What about royalty-free images like from gettyimages, what does that mean?

thanks


----------



## Rodney (Nov 3, 2004)

yuwmic said:


> for my tshirt blog, am i allowed to write my own content, but use google images in my post?
> 
> let's say i write about my visit to paris, can i google eiffel tower and use a picture in my post?
> 
> ...


Generally, you would need to get permission from the person that owns the rights to the photos.

Google images is just a search engine. Google doesn't own the rights to any of the images you find there, and they can't pass on any usage rights to you.

It's just like the regular Google search. Just because you find a cool article in the regular Google search, doesn't meant that the owner of the article will allow you to copy it to your website.

You'll have to look into the usage for each image you find. 

Some are allowed to be used as long as you give credit (as are a lot of the images at flickr.com), some cannot be republished, some can be republished without credit, some you just have to ask.

Royalty Free means that once you buy a license to use the image, you don't have to pay ongoing royalties for the continued usage of the image. 

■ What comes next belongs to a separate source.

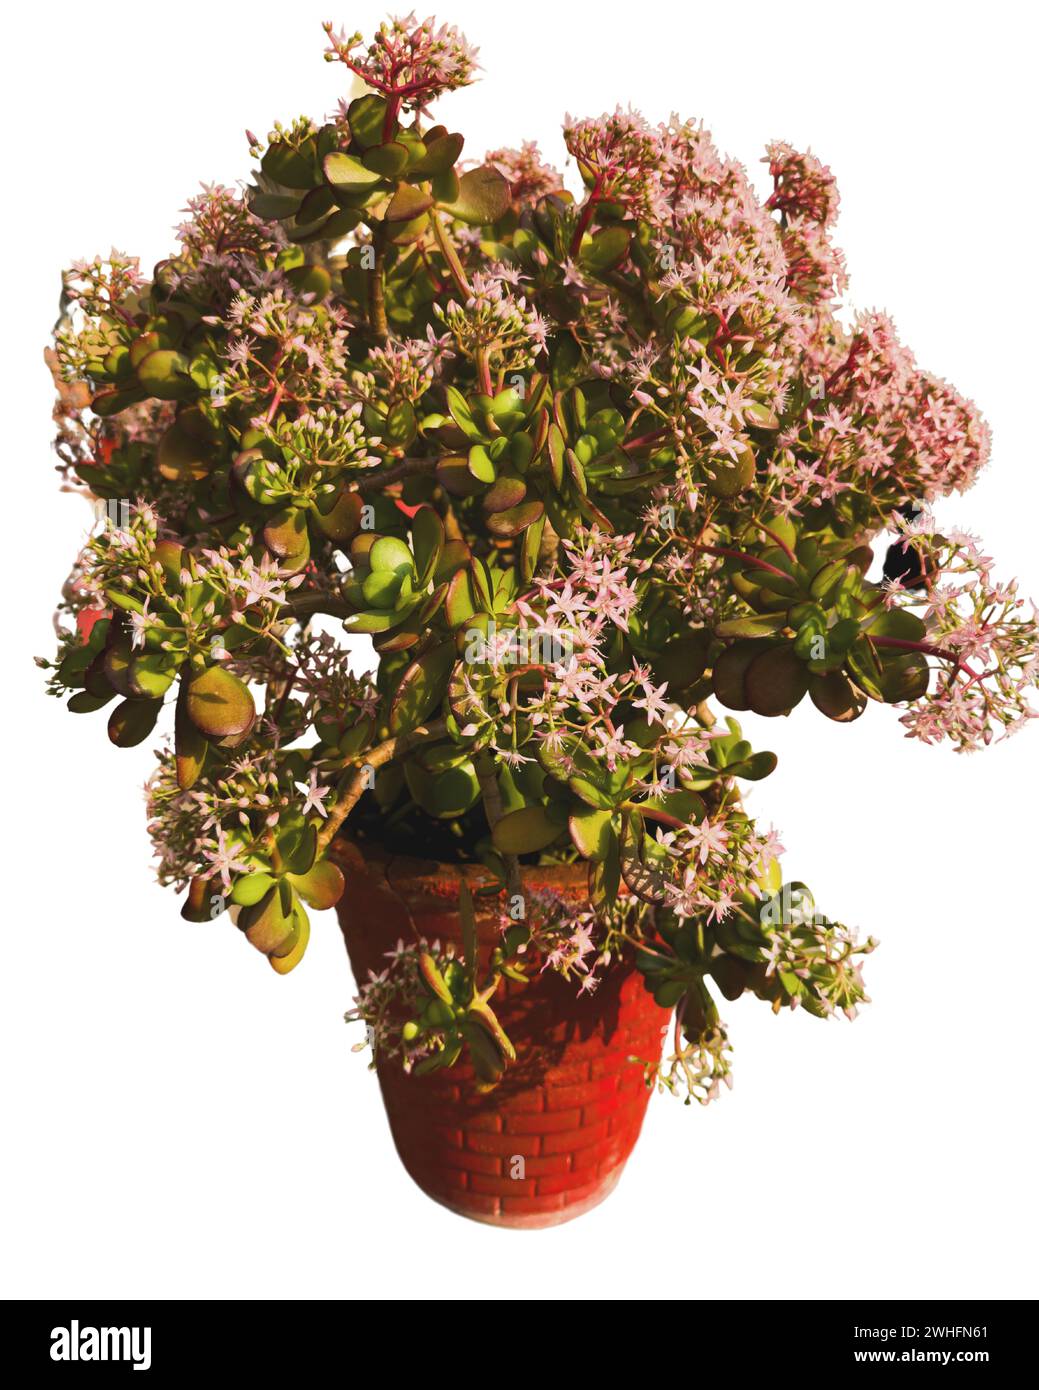 Beautiful crassula ovata plant with thick branches full of flower Stock Photo

Some places (like Cartoon strips) may want you to pay "royalties" for using their image based on how many times you use it or how many times it will be seen. 

Royalty free is like a "flat rate" usage fee for using an image. Even those images have usage restrictions that you will have to read and understand before using.


----------



## Solmu (Aug 15, 2005)

When you say "t-shirt blog" is it for your t-shirt company, or _about_ t-shirts? Because the other thing to bear in mind is that reproducing a work for the purpose of commentary or review could fit within fair use. In other words if you want to review the latest shirt printed by Threadless you can include an image of it without obtaining their permission. But if someone wanted to use the same image in a different context (background of their website for example) it wouldn't be legal.

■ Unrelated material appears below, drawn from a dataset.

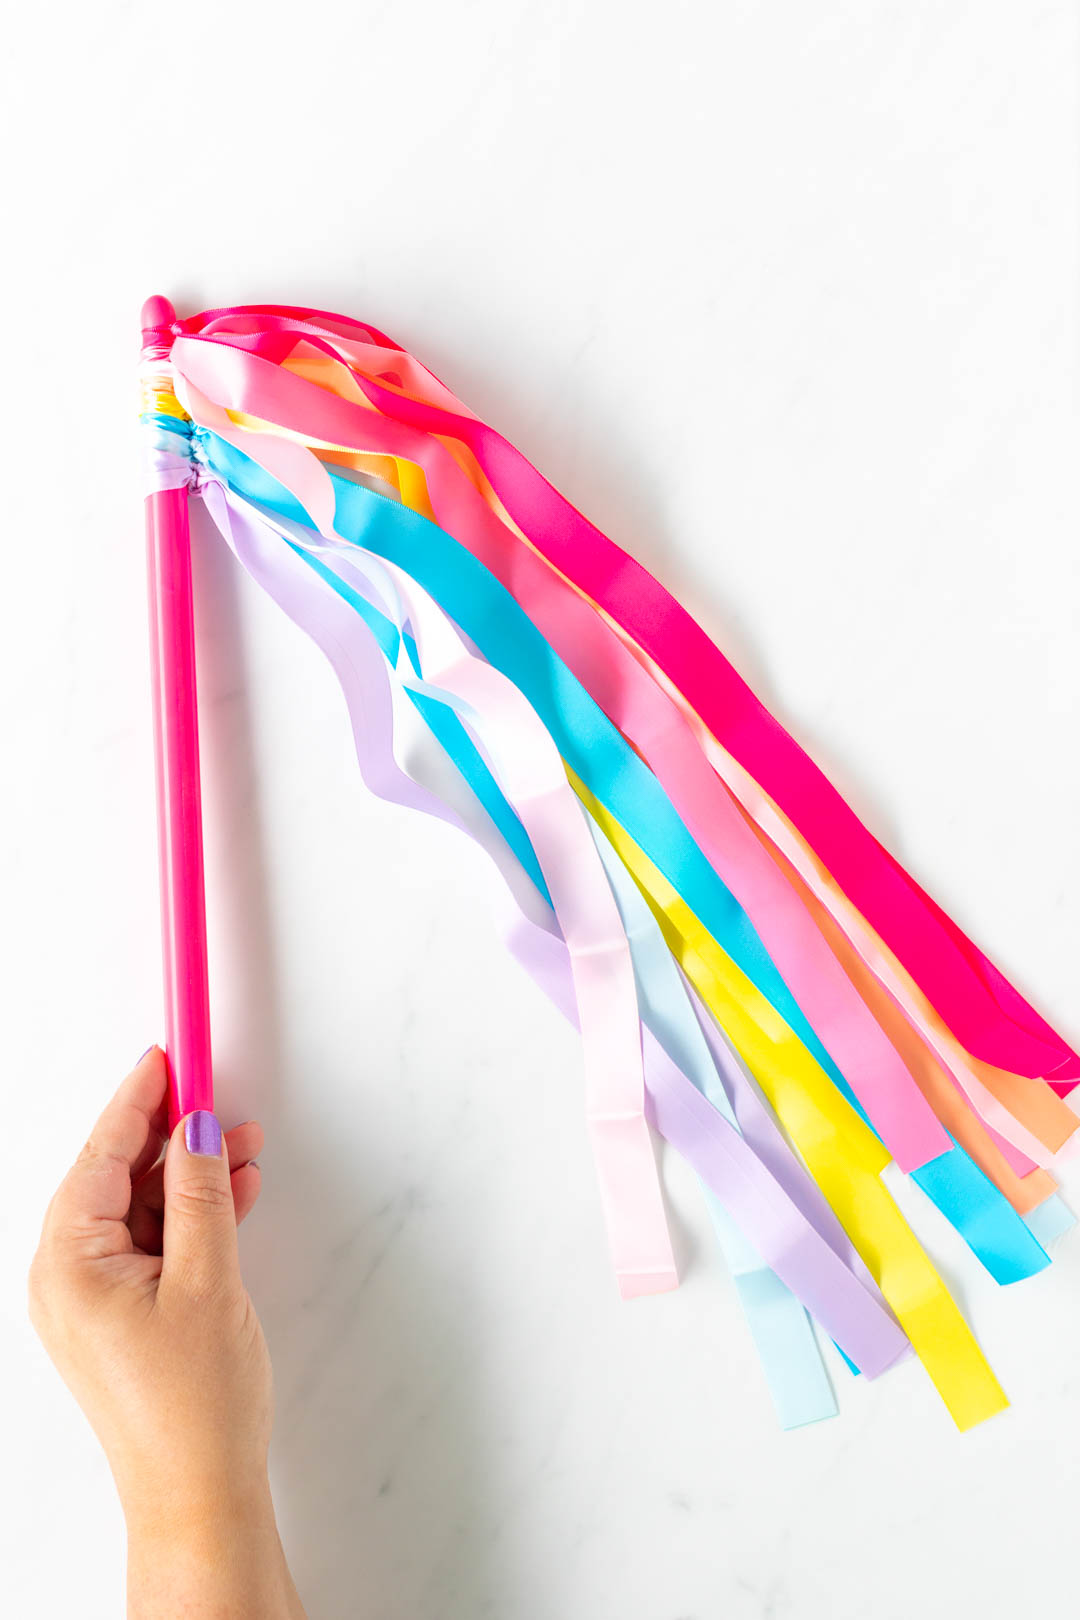 woman holding a dancing wand. a pink drumstick with ribbons in various colors

With something like an Eiffel tower photo you wouldn't be critiquing the actual photographer's work, just talking about the tower/France. Fair use wouldn't apply. Although with something as photographed as the Eiffel tower it wouldn't be difficult to find a public domain image that you could use.

So no, you can't use whatever you find in Google. But as a quasi-journalist there _might_ be a _few_ things you can use that wouldn't otherwise be available.


----------